What strikes me today is not simply that Lenny suffered.
What strikes me is that he persevered.
The moment Lenny became Lenny was not when I learned he had AIDS. It was not when I learned he was homeless. It was not when I learned he had used drugs. It was watching him continue. It was watching him carry burdens that should never have been his to carry. It was watching him refuse to surrender.
Lenny was carrying society’s buckets, even when he could barely carry himself.
AIDS happened. Lenny was responsible for the decisions that contributed to his illness. He would have acknowledged that himself. Yet none of that changed the fact that he was created in the image of God.
That may sound obvious.
It was not obvious to me then.
Or perhaps it is more accurate to say that I believed it theologically but had never really tested it.
I had heard sermons about the image of God.
I had studied the image of God.
I had written papers about the image of God.
What I had never done was sit across from it.
Lenny taught me that AIDS was not a penalty but a plight. He taught me that people are more than the first thing we notice about them. He taught me that a person can be an addict and still be created in the image of God—a homeless man and still be created in the image of God—an AIDS patient and still be created in the image of God.
He also taught me who my neighbor was.
Years later I would realize that Lee was teaching much the same lesson.
At the time, I thought she was teaching a course about AIDS and culture. Looking back, I think she was teaching discernment. She was teaching us how to see. She was teaching us how to examine assumptions and test them against reality. She was teaching us that critical thinking was not merely an intellectual exercise. It required us to encounter actual people and then ask whether our assumptions could survive the encounter.

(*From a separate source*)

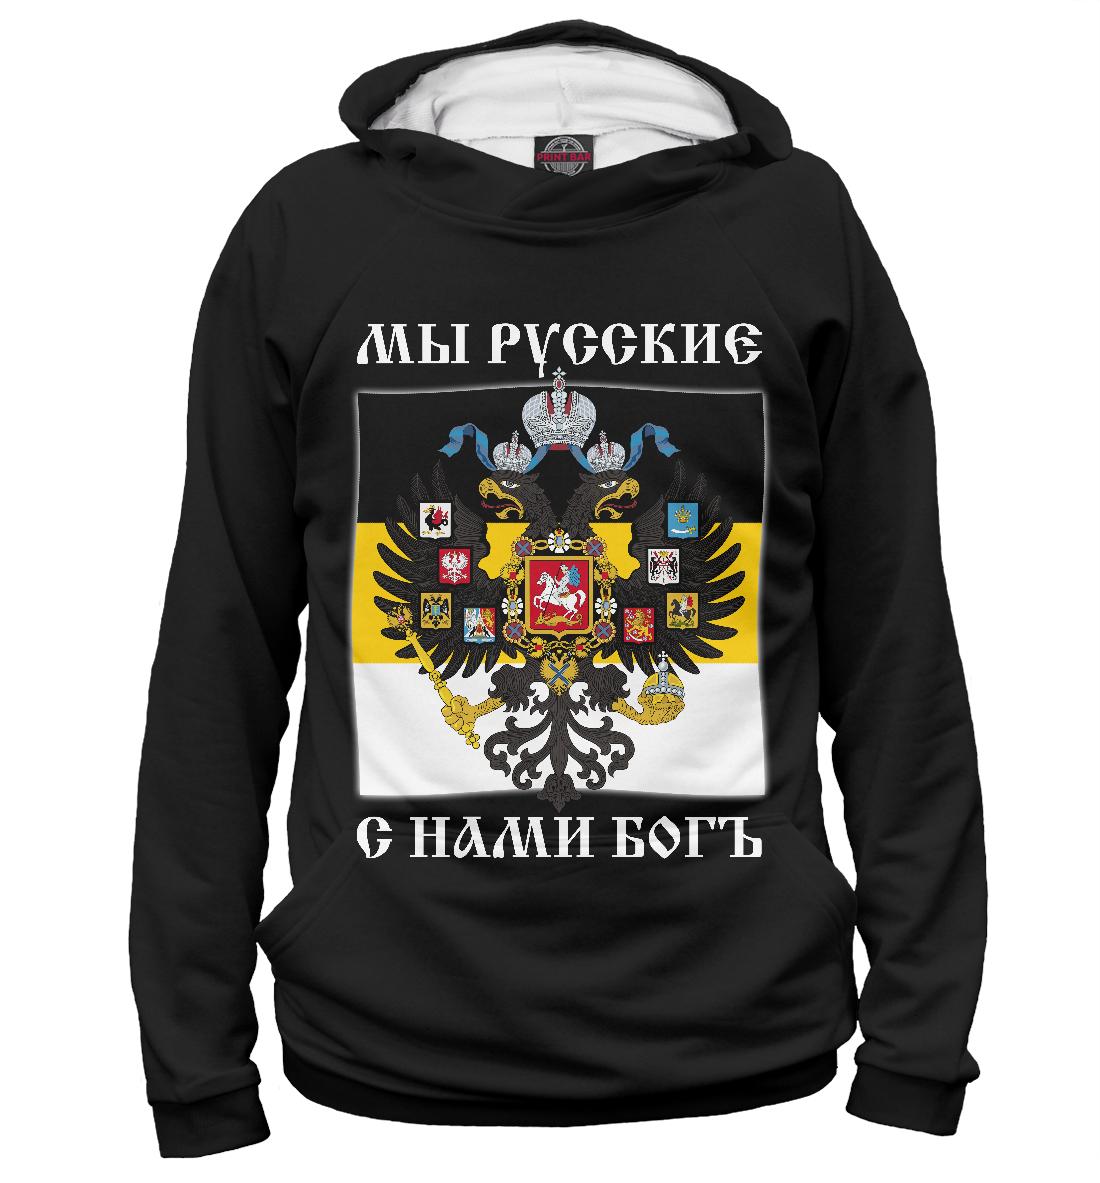 Купить Мы Русские, с нами Богъ, Printbar, Худи, SVN-451926-hud-2

Without Drew and without Lee, I do not think I would have arrived there.
That is not a criticism of Starkville or of First United Methodist Church. They formed me in important ways and gave me gifts I still carry. But Drew expanded my world, and Lee forced me to examine parts of myself that I had never previously questioned. She helped me escape some of the limitations of my Southern upbringing without requiring me to abandon everything that upbringing had given me.
Lee was one of the most effective pastors I have ever had, though most of the ministry she offered me happened in a classroom rather than from a pulpit.

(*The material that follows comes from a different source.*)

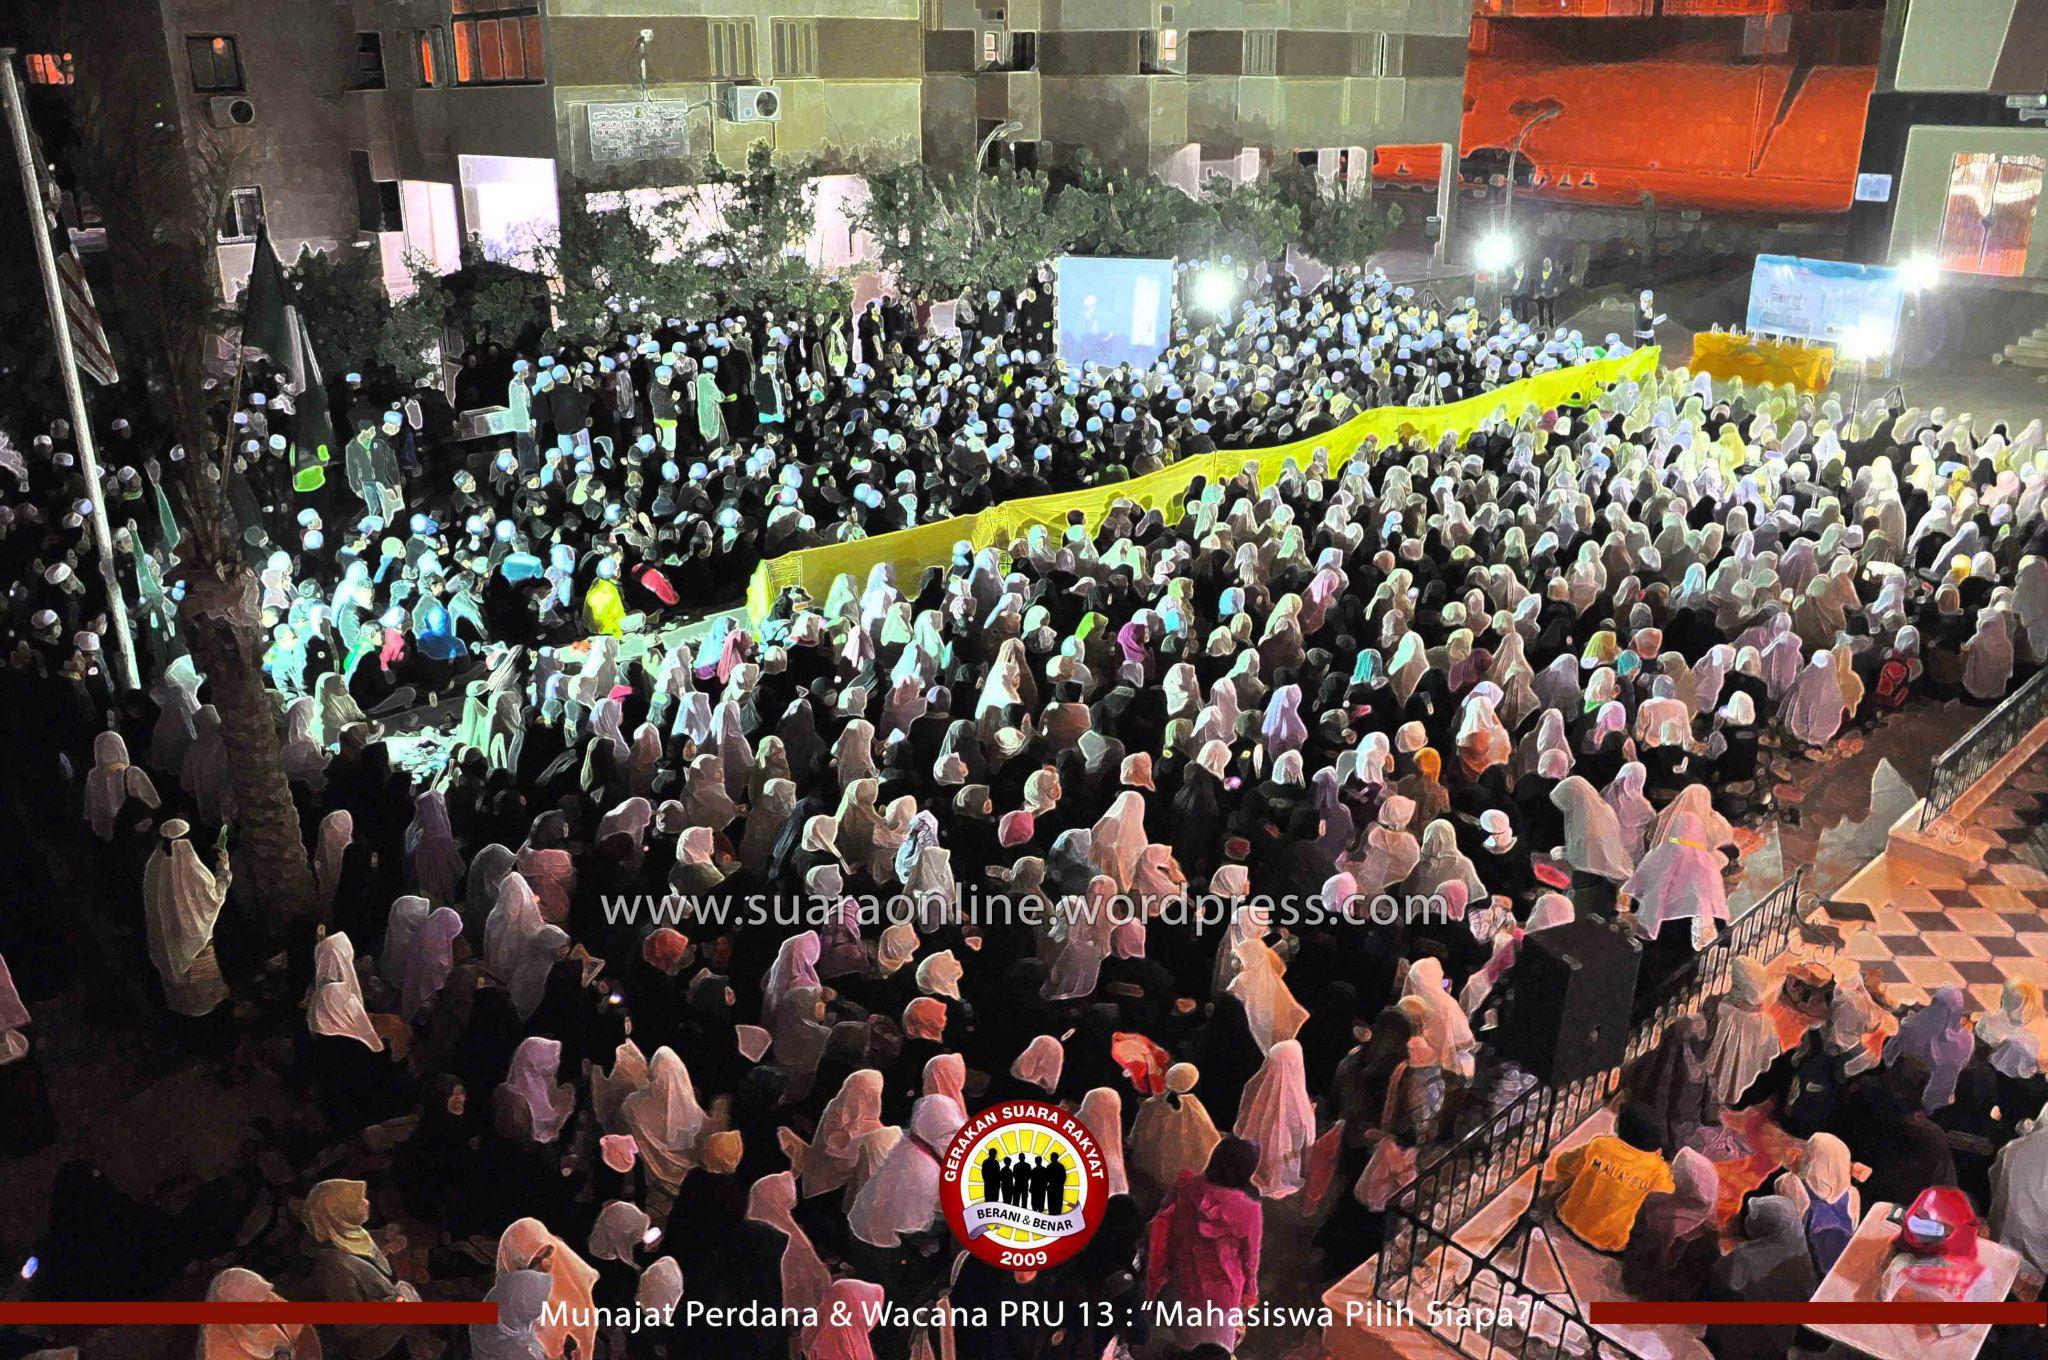 ISMA-Mesir sambut baik sikap keterbukaan mahasiswa Mesir

She was not merely imparting knowledge. She was equipping ministers to see.
She was empowering students to become Aaron and Hur for people carrying burdens too heavy to bear alone.
The truth is that I did not understand most of this while I was sitting in that basement classroom.
I do not think I understood that Lee and Lenny were teaching the same lesson through different lenses until years later in ministry. The lesson took time to ripen. Some truths do. We encounter them long before we understand them.
When the semester ended, I was glad.
Like every student, I was ready for a break. The assignments were finished. The papers were submitted. Life moved on.
At some point afterward, I learned that Lenny had died. My recollection is that Lee told me, though I cannot swear to it all these years later.
I was sad.
I was also relieved.
Heaven is a much better place to be than life as a homeless, impoverished, drug-addicted AIDS patient in the inner-city Newark of 1996. Not because I wished him dead. I did not. But because I wished him peace, and because there are circumstances in which death becomes a kind of healing.
Thirty years later, I still find myself returning to Lee and Lenny.
They gave me some of the foundational encounters and theological truths upon which I would build a ministry. They taught me how to see people. They taught me how to question assumptions. They taught me that discernment is not an abstract exercise but an act of encounter.
Most of the encounters I have had in ministry have been Lenny moments.
The actions I took in response were my attempt to have Lee moments.


Thank you, Quinn. I remember Lee fondly. Susan was in the Newark Project with you as well.